Rate Limiting and Politeness

Responsible web scraping respects server resources and website terms of service. Rate limiting controls request frequency preventing server overload and avoiding IP bans. A simple approach delays a fixed interval between requests—one second per request limits load to 60 requests per minute. More sophisticated rate limiters implement token buckets or sliding windows allowing bursts while maintaining average rates.

Distributed scraping across multiple IPs enables higher aggregate throughput while keeping per-IP rates reasonable. Dedicated proxy pools handle rotation and geographic distribution for large‑scale scraping workloads.

Scrapers should identify themselves through User-Agent headers rather than masquerading as browsers when operating at scale. Many sites appreciate being notified about bot traffic and may provide official APIs or data access agreements for legitimate use cases. Including contact information in User-Agent strings enables site owners to reach out about excessive load or policy violations rather than immediately blocking access.

Using CorsProxy for Web Scraping

CorsProxy is a CORS‑friendly proxy that lets browser code fetch cross‑origin content without running a separate proxy server. It is best suited for browser‑based scraping or API access where CORS blocks requests.

For server‑side scraping or high‑volume rotation, use a dedicated proxy provider. CorsProxy focuses on simplifying CORS‑blocked fetches in front‑end environments.

Business plan note: extract, input, output, and ttl require a Business plan and a valid API key.

CorsProxy’s URL parameter approach simplifies integration compared to traditional proxy protocols requiring low-level HTTP client configuration. Applications make standard HTTPS requests to CorsProxy URLs without proxy protocol support, session management, or authentication handling beyond API key inclusion. This works seamlessly with browsers, serverless functions, and any environment supporting HTTPS fetch.

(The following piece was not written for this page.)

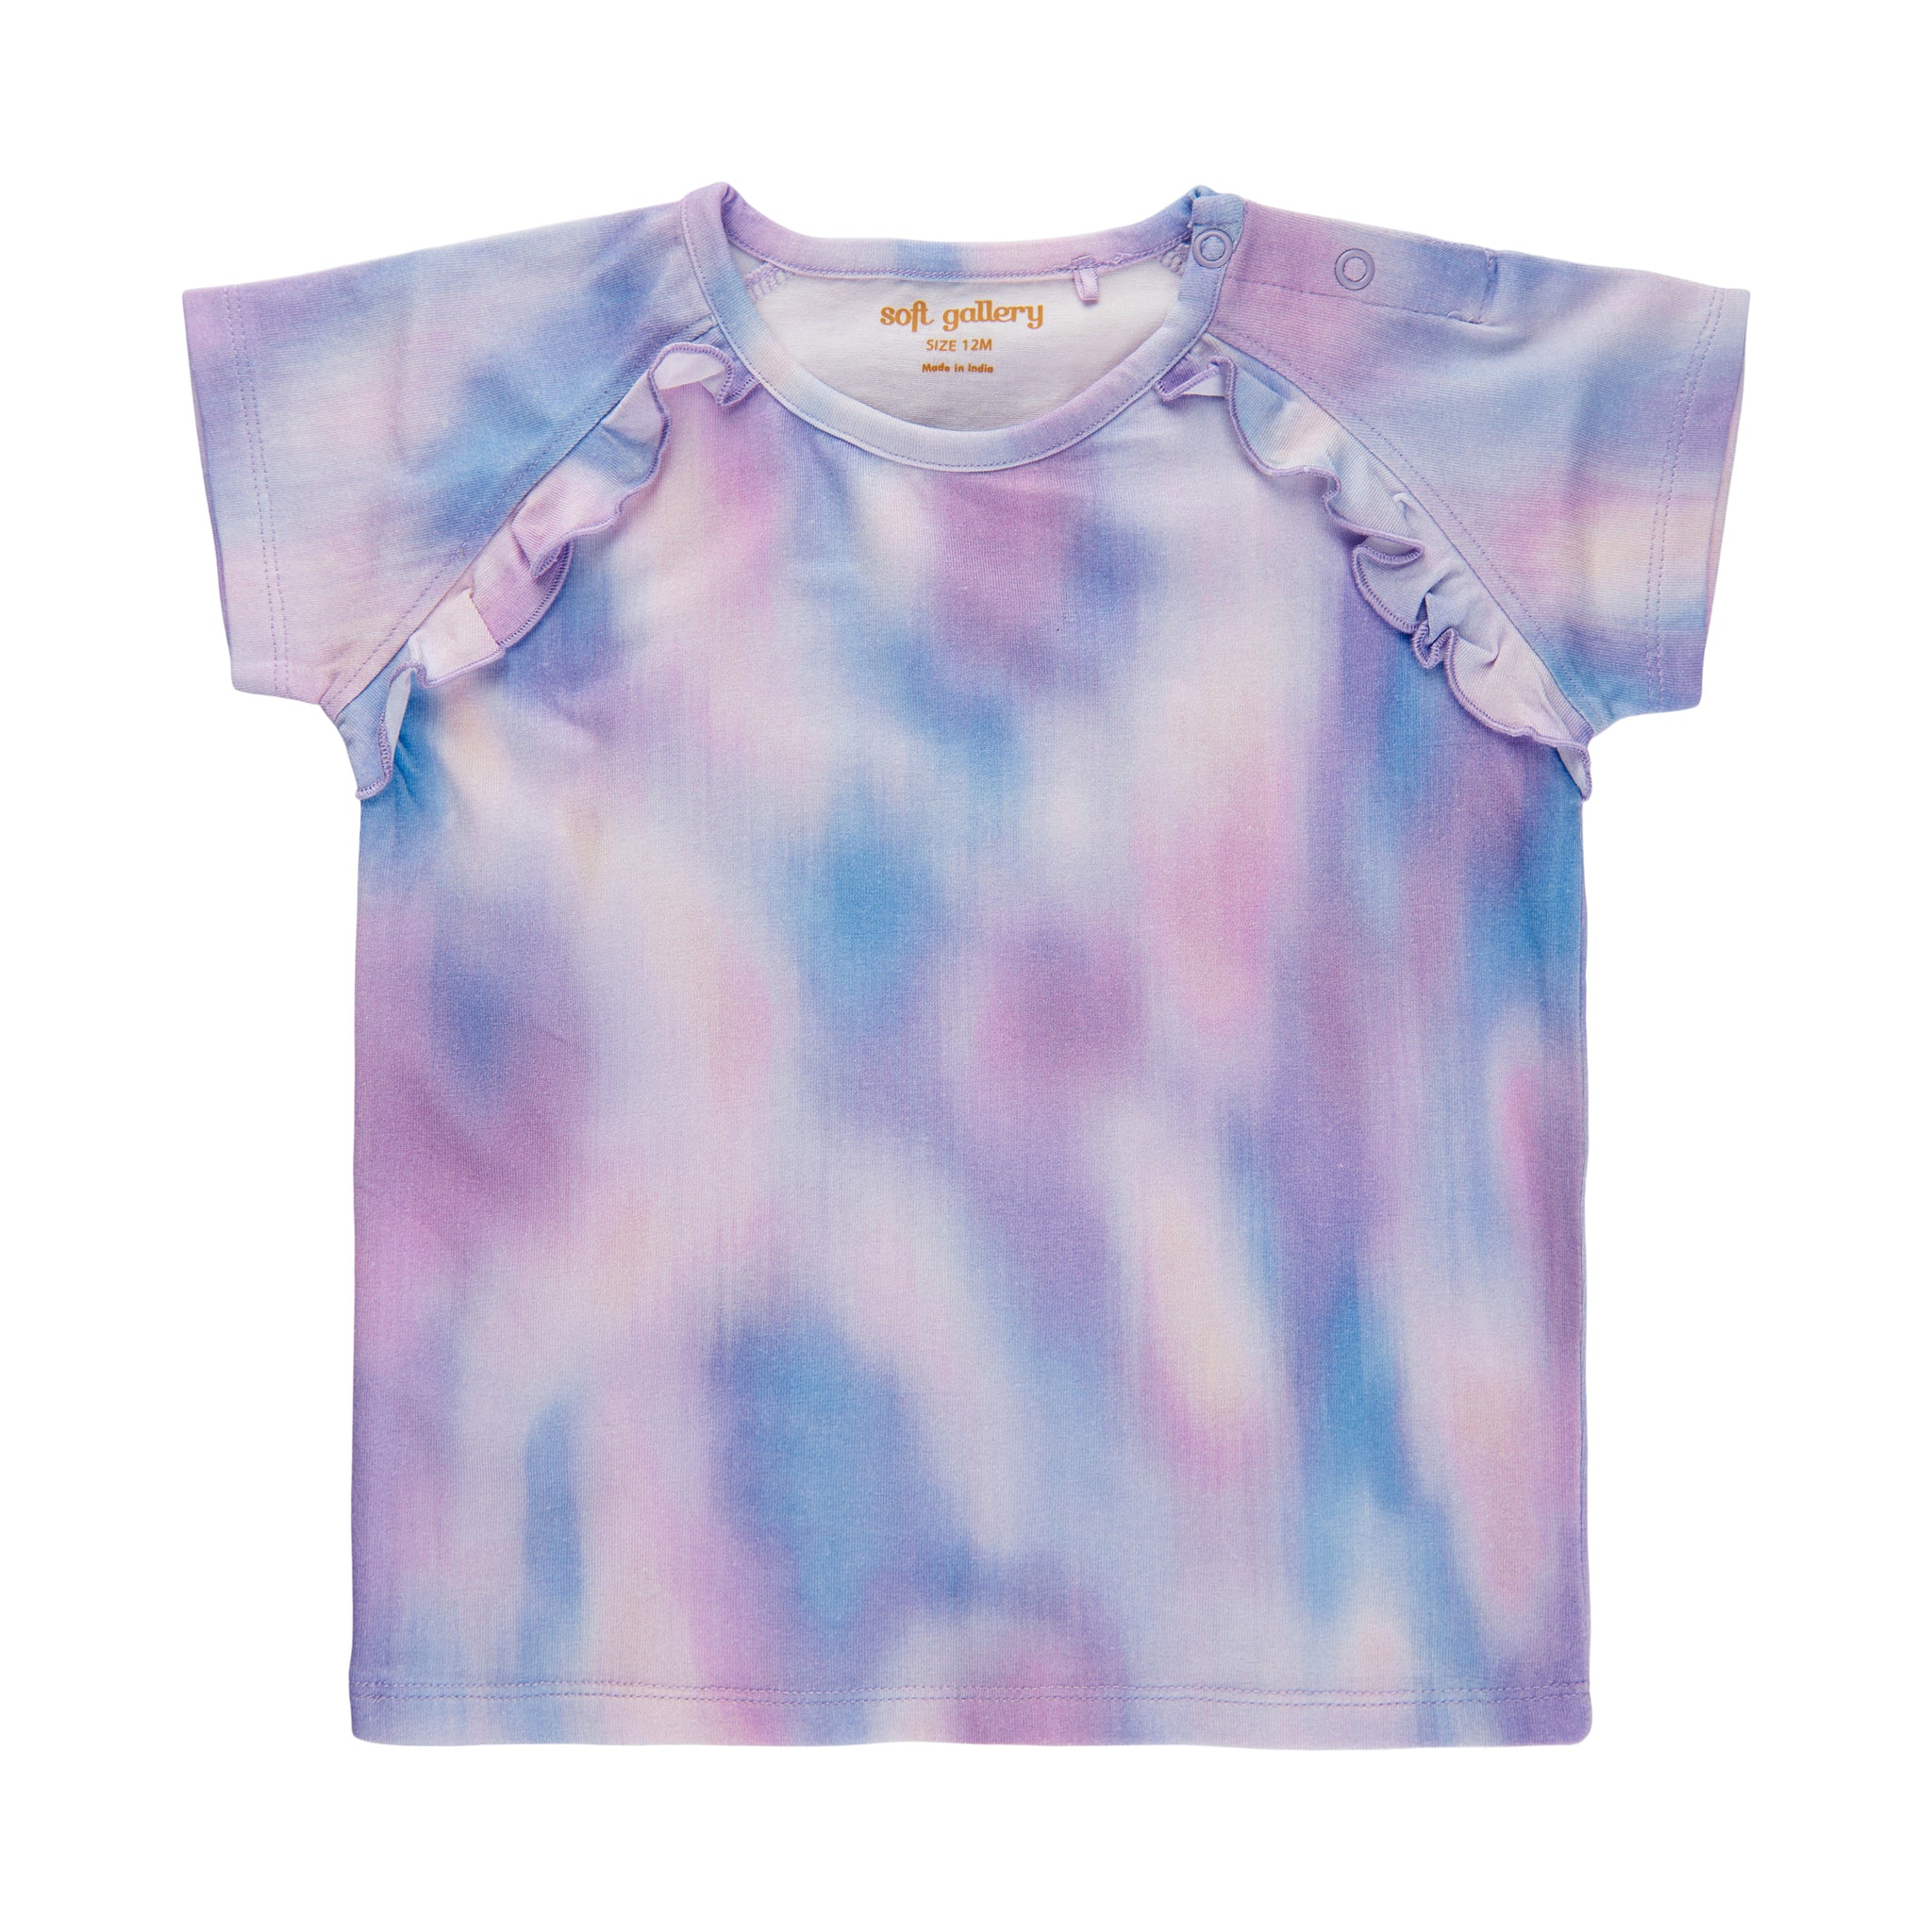 Soft Gallery - Jisela Reflections SS Tee - Orchid Bloom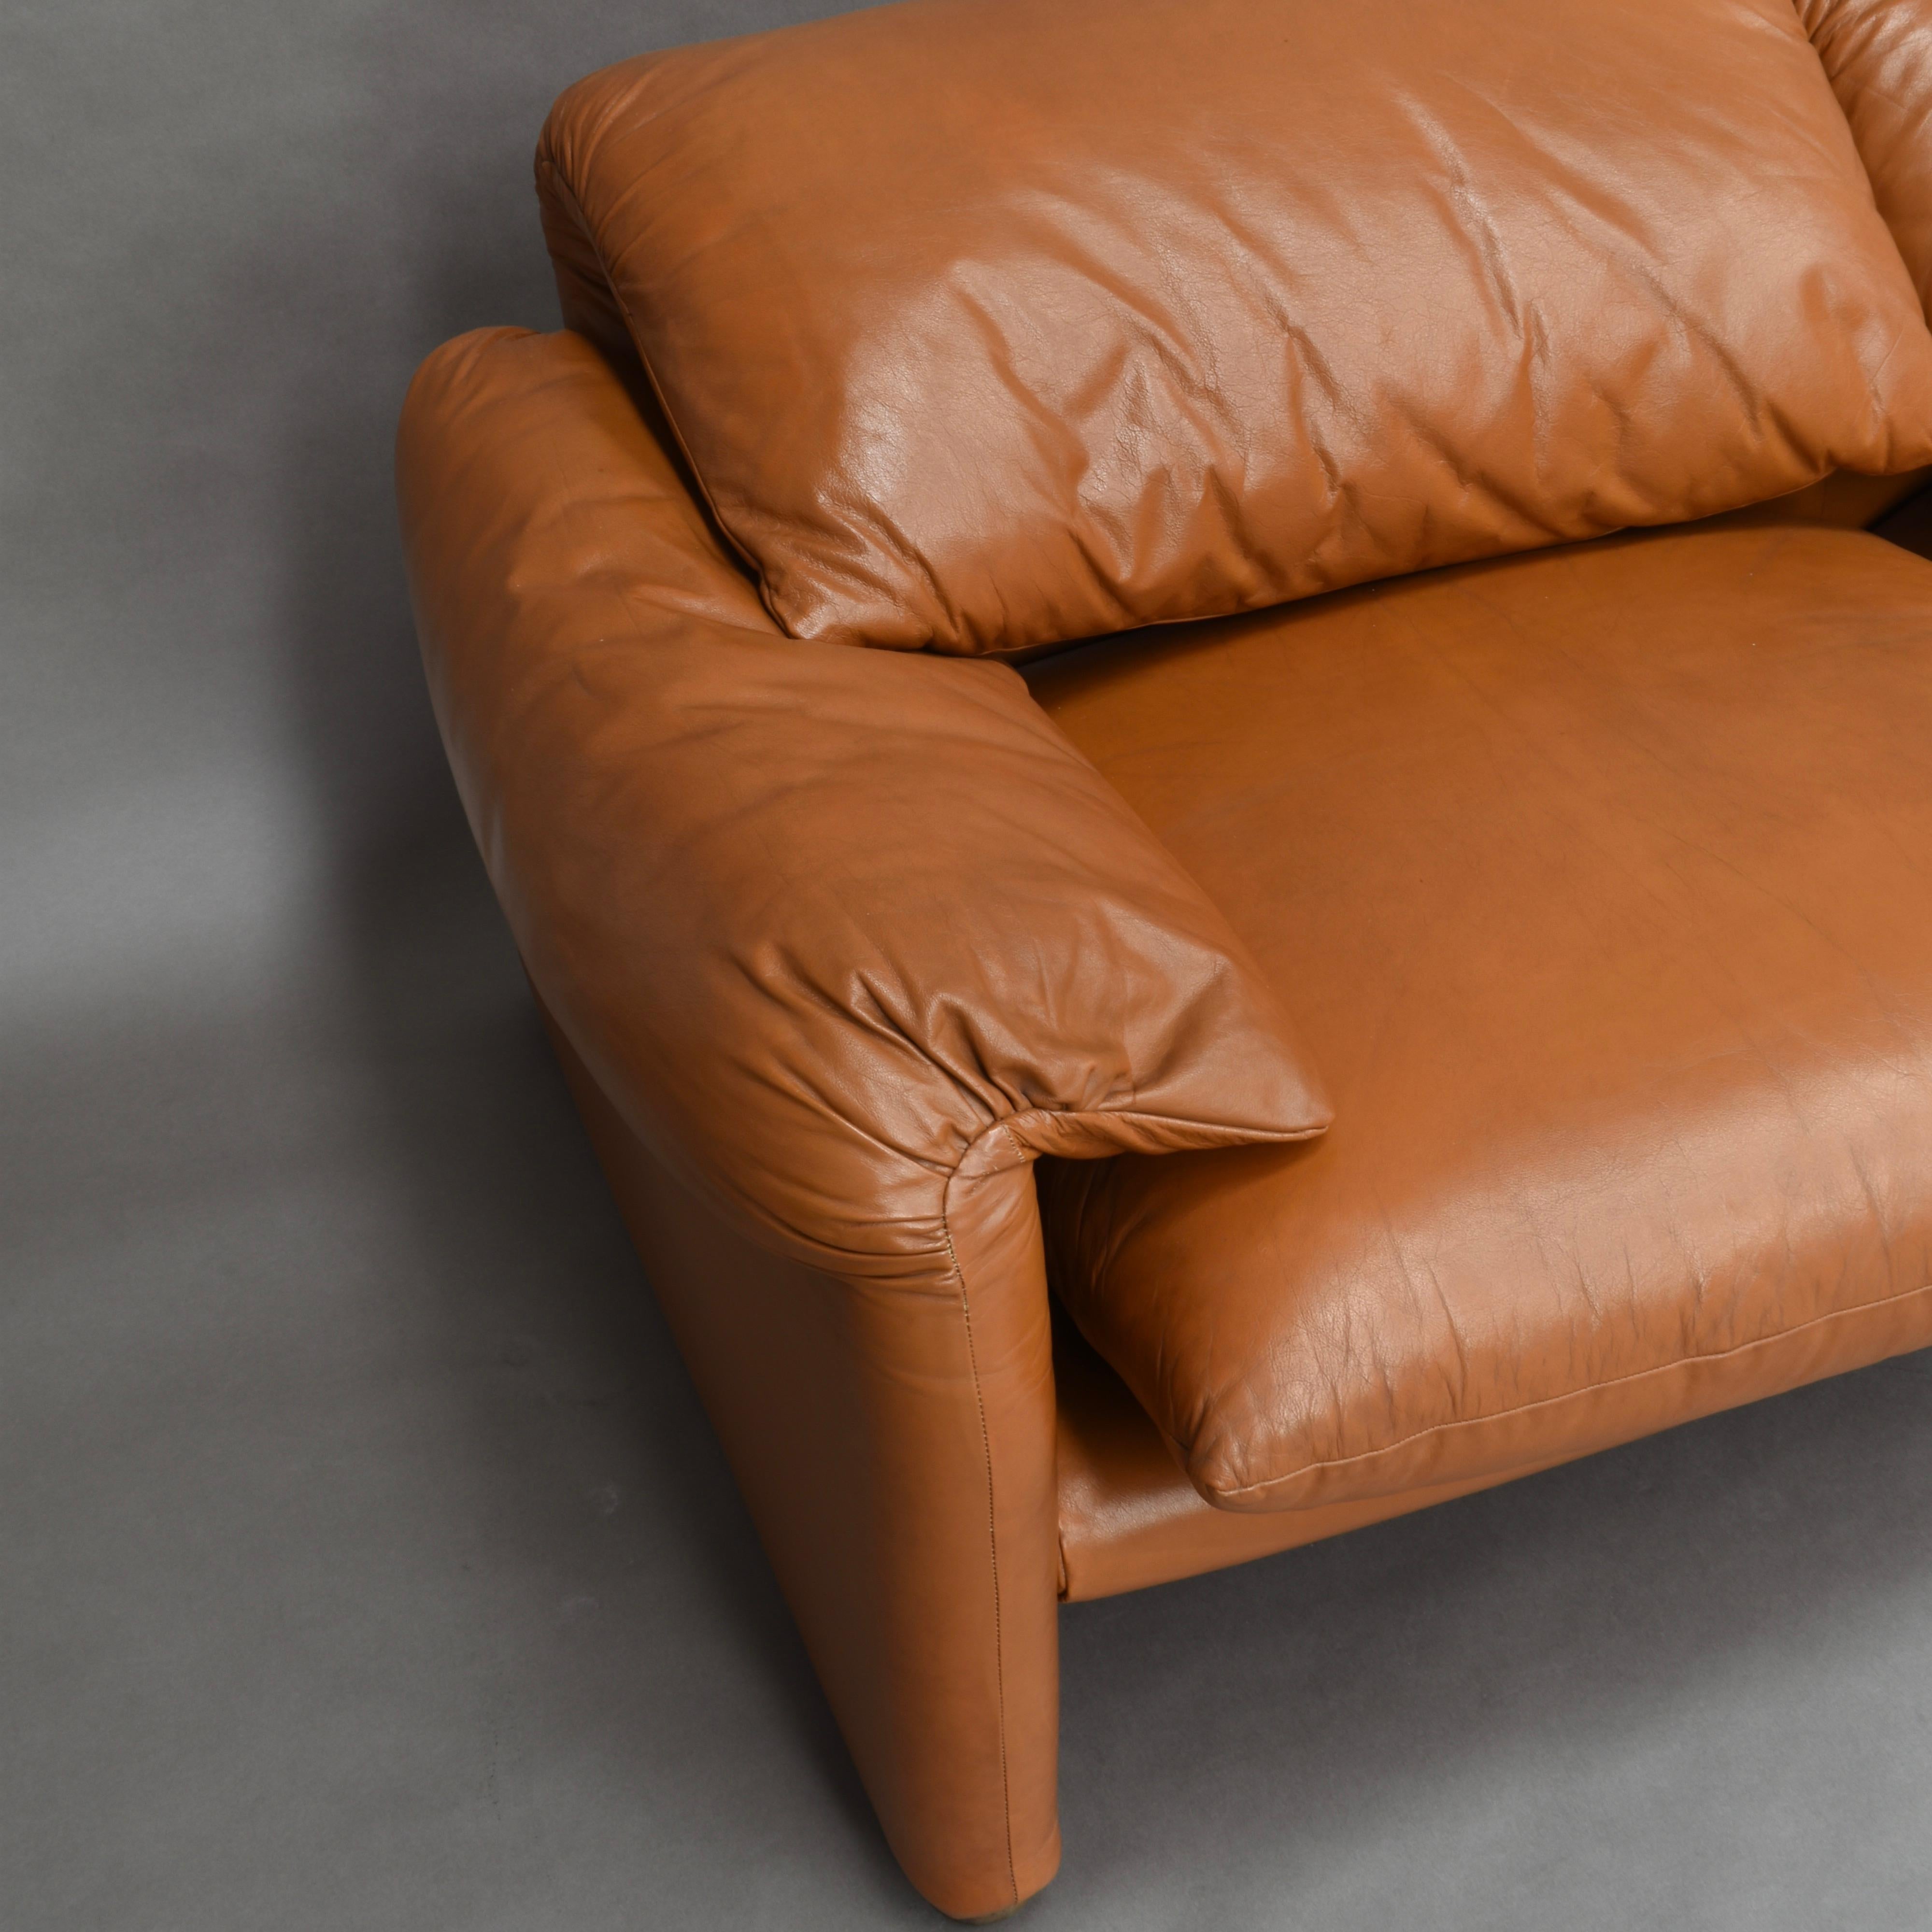 Late 20th Century Early Maralunga Sofa in Tan Leather by Vico Magistretti for Cassina, Italy, 1973

// Production-ready scraper with CorsProxy integration
class ProductionScraper {
  private requestCount = 0;
  private lastRequestTime = 0;
  private minRequestInterval = 1000; // 1 second between requests

  constructor(
    private apiKey: string,
    private options: {
      maxRetries?: number;
      timeout?: number;
    } = {}
  ) {}

  async scrape(url: string, parseFunction: (html: string) => any) {
    await this.enforceRateLimit();

    let lastError: Error | null = null;
    const maxRetries = this.options.maxRetries || 3;

    for (let attempt = 1; attempt <= maxRetries; attempt++) {
      try {
        const data = await this.fetchWithTimeout(url);
        const parsed = parseFunction(data);

        this.requestCount++;
        return parsed;
      } catch (error) {
        lastError = error as Error;
        console.log(`Attempt ${attempt} failed:`, error);

        if (attempt < maxRetries) {
          // Exponential backoff
          const delay = Math.pow(2, attempt) * 1000;
          await this.delay(delay);
        }
      }
    }

    throw new Error(`Failed after ${maxRetries} attempts: ${lastError?.message}`);
  }

  async scrapeBatch(urls: string[], parseFunction: (html: string) => any, concurrency: number = 5) {
    const results: any[] = [];
    const batches: string[][] = [];

    // Split URLs into batches
    for (let i = 0; i < urls.length; i += concurrency) {
      batches.push(urls.slice(i, i + concurrency));
    }

    // Process batches sequentially, items in batch parallel
    for (const batch of batches) {
      const batchResults = await Promise.allSettled(
        batch.map(url => this.scrape(url, parseFunction))
      );

      batchResults.forEach((result, index) => {
        if (result.status === 'fulfilled') {
          results.push({
            url: batch[index],
            data: result.value,
            success: true
          });
        } else {
          results.push({
            url: batch[index],
            error: result.reason?.message,
            success: false
          });
        }
      });
    }

    return results;
  }

  private async fetchWithTimeout(url: string): Promise<string> {
    const proxyUrl = `https://corsproxy.io/?url=${encodeURIComponent(url)}&key=${this.apiKey}`;

    const timeout = this.options.timeout || 30000;
    const controller = new AbortController();
    const timeoutId = setTimeout(() => controller.abort(), timeout);

    try {
      const response = await fetch(proxyUrl, {
        signal: controller.signal,
        headers: {
          'User-Agent': 'Mozilla/5.0 (Windows NT 10.0; Win64; x64) AppleWebKit/537.36',
          'Accept': 'text/html,application/xhtml+xml,application/xml;q=0.9,*/*;q=0.8'
        }
      });

      if (!response.ok) {
        throw new Error(`HTTP ${response.status}: ${response.statusText}`);
      }

      return await response.text();
    } finally {
      clearTimeout(timeoutId);
    }
  }

  private async enforceRateLimit() {
    const now = Date.now();
    const timeSinceLastRequest = now - this.lastRequestTime;

    if (timeSinceLastRequest < this.minRequestInterval) {
      await this.delay(this.minRequestInterval - timeSinceLastRequest);
    }

    this.lastRequestTime = Date.now();
  }

  private delay(ms: number): Promise<void> {
    return new Promise(resolve => setTimeout(resolve, ms));
  }

  getStats() {
    return {
      totalRequests: this.requestCount,
      averageRate: this.requestCount / ((Date.now() - this.lastRequestTime) / 1000)
    };
  }
}

Web scraping legality varies by jurisdiction, website terms of service, and data usage. Many websites prohibit automated access in their Terms of Service, though enforceability depends on local laws. The Computer Fraud and Abuse Act (CFAA) in the United States criminalizes unauthorized access, but courts disagree on whether violating ToS constitutes unauthorized access or whether publicly accessible data qualifies as protected.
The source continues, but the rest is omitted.